An incidental finding of occult HIV infection.
PH is a rare systemic manifestation of HIV infection, first reported by Kim et al in 1987 in an end-stage AIDS patient who presented with dyspnea and renal insufficiency. (1) Subsequent series have clearly documented an association between HIV and PH, which can lead to profound right-sided heart failure and a universally poor prognosis. (2,3) The current case is unique because to our knowledge it is the first to describe bilateral leg swelling as the presenting symptom of HIV and associated PH. With improved survival and a more prolonged natural history of disease owing to the widespread use of HAART, it is anticipated that more clinicians will be presented with the important task of managing the late and often systemic manifestations of HIV, such as PH.
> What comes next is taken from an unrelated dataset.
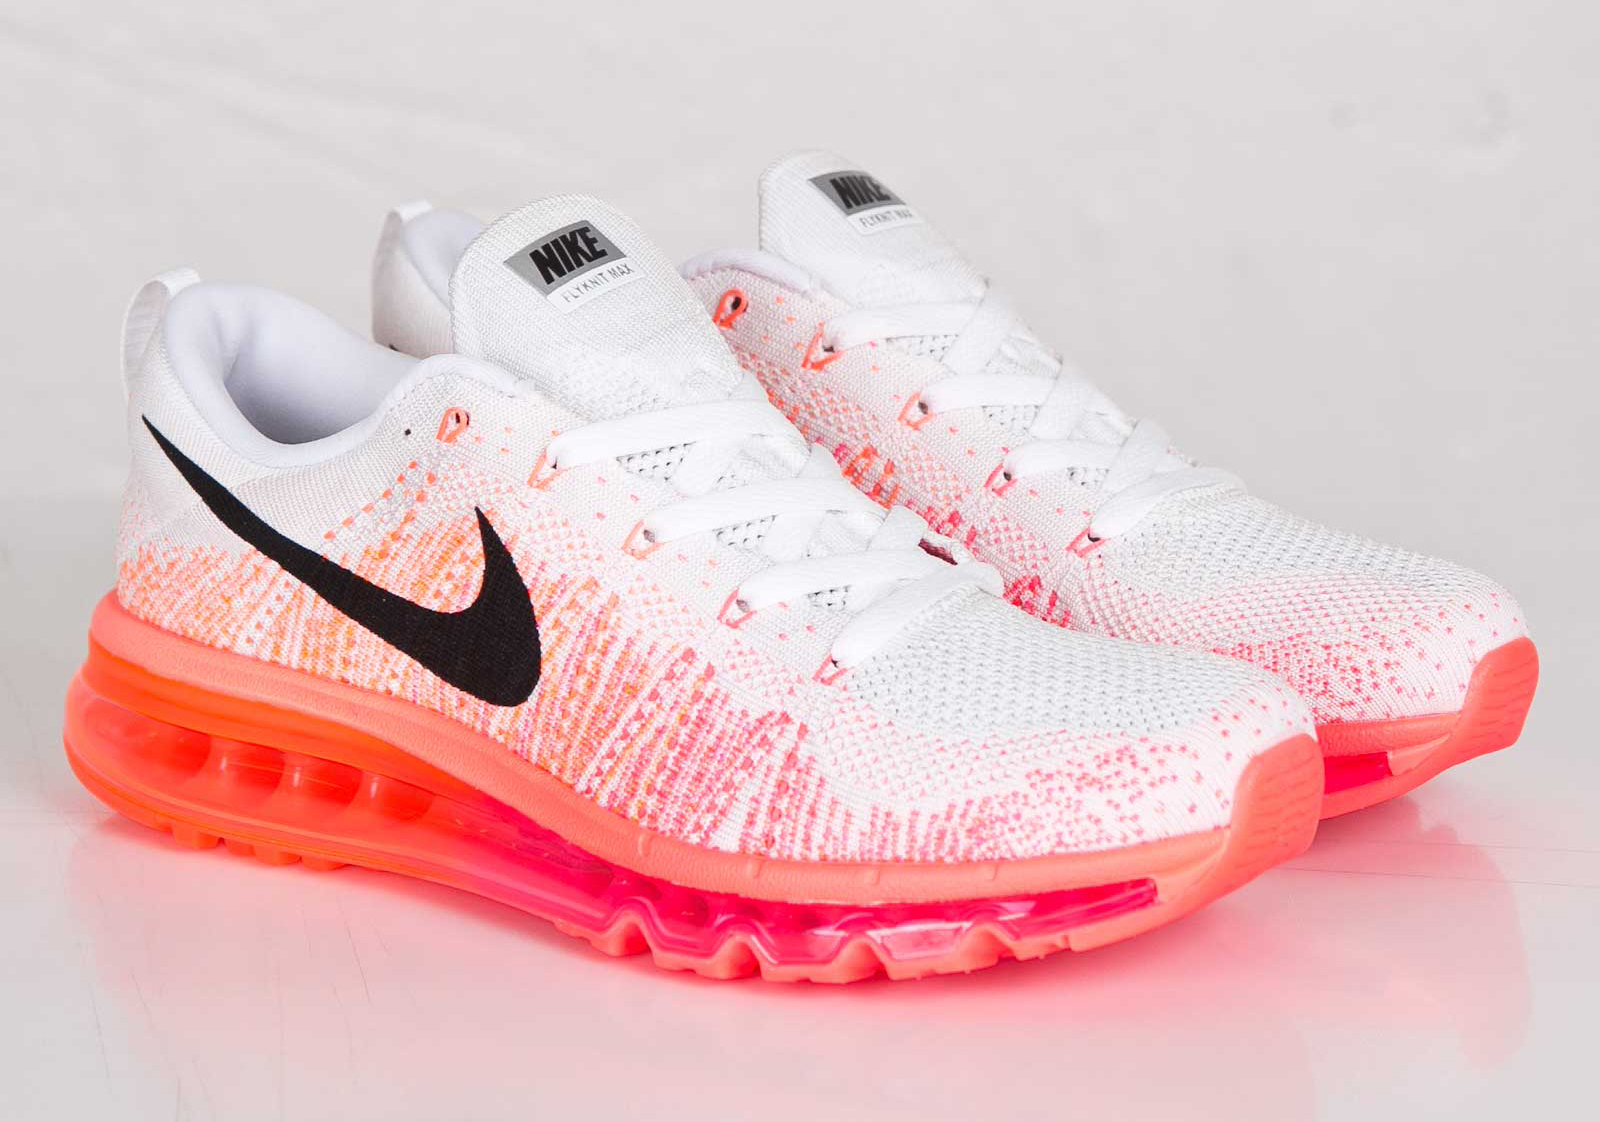 Nike Flyknit Air Max - White - Hyper Punch - Bright Magenta

PH occurs when mean pulmonary arterial pressure exceeds 25 mm Hg at rest or 30 mm Hg with exercise. Unlike the current case, most patients with PH initially present with fatigue, lethargy, and decreased exercise tolerance. Leg edema can occur but usually exclusively during the late stages of disease when there has been definite progression to right ventricular failure.
The gold standard for the diagnosis of PH is right heart catheterization, but it is often possible to reliably establish the diagnosis with less invasive methods, such as the use of echocardiography to indirectly estimate pulmonary artery pressure. (4) Additional investigations should be performed to rule out more common secondary causes of PH, including collagen vascular conditions, chronic pulmonary emboli, and restrictive lung diseases. The specific diagnosis of HIV-associated PH is often more challenging as the clinical and histopathologic features of this entity do not differ drastically from those of primary or idiopathic PH. Therefore, as in this case, a high index of suspicion is warranted and the diagnosis is frequently confirmed once other causes have been carefully excluded. In this patient, HIV seropositivity was the only laboratory abnormality found in conjunction with pulmonary hypertension.
The underlying etiology and pathophysiology of HIV-associated PH remains unclear. Genetic susceptibility, environmental factors, and viral characteristics are believed to play important roles. The fact that this patient developed HIV-associated PH despite a CD4 lymphocyte count of approximately 500 [mm.sup.3] suggests that the degree of immunodeficiency is a poor predictor of whether an individual will develop PH.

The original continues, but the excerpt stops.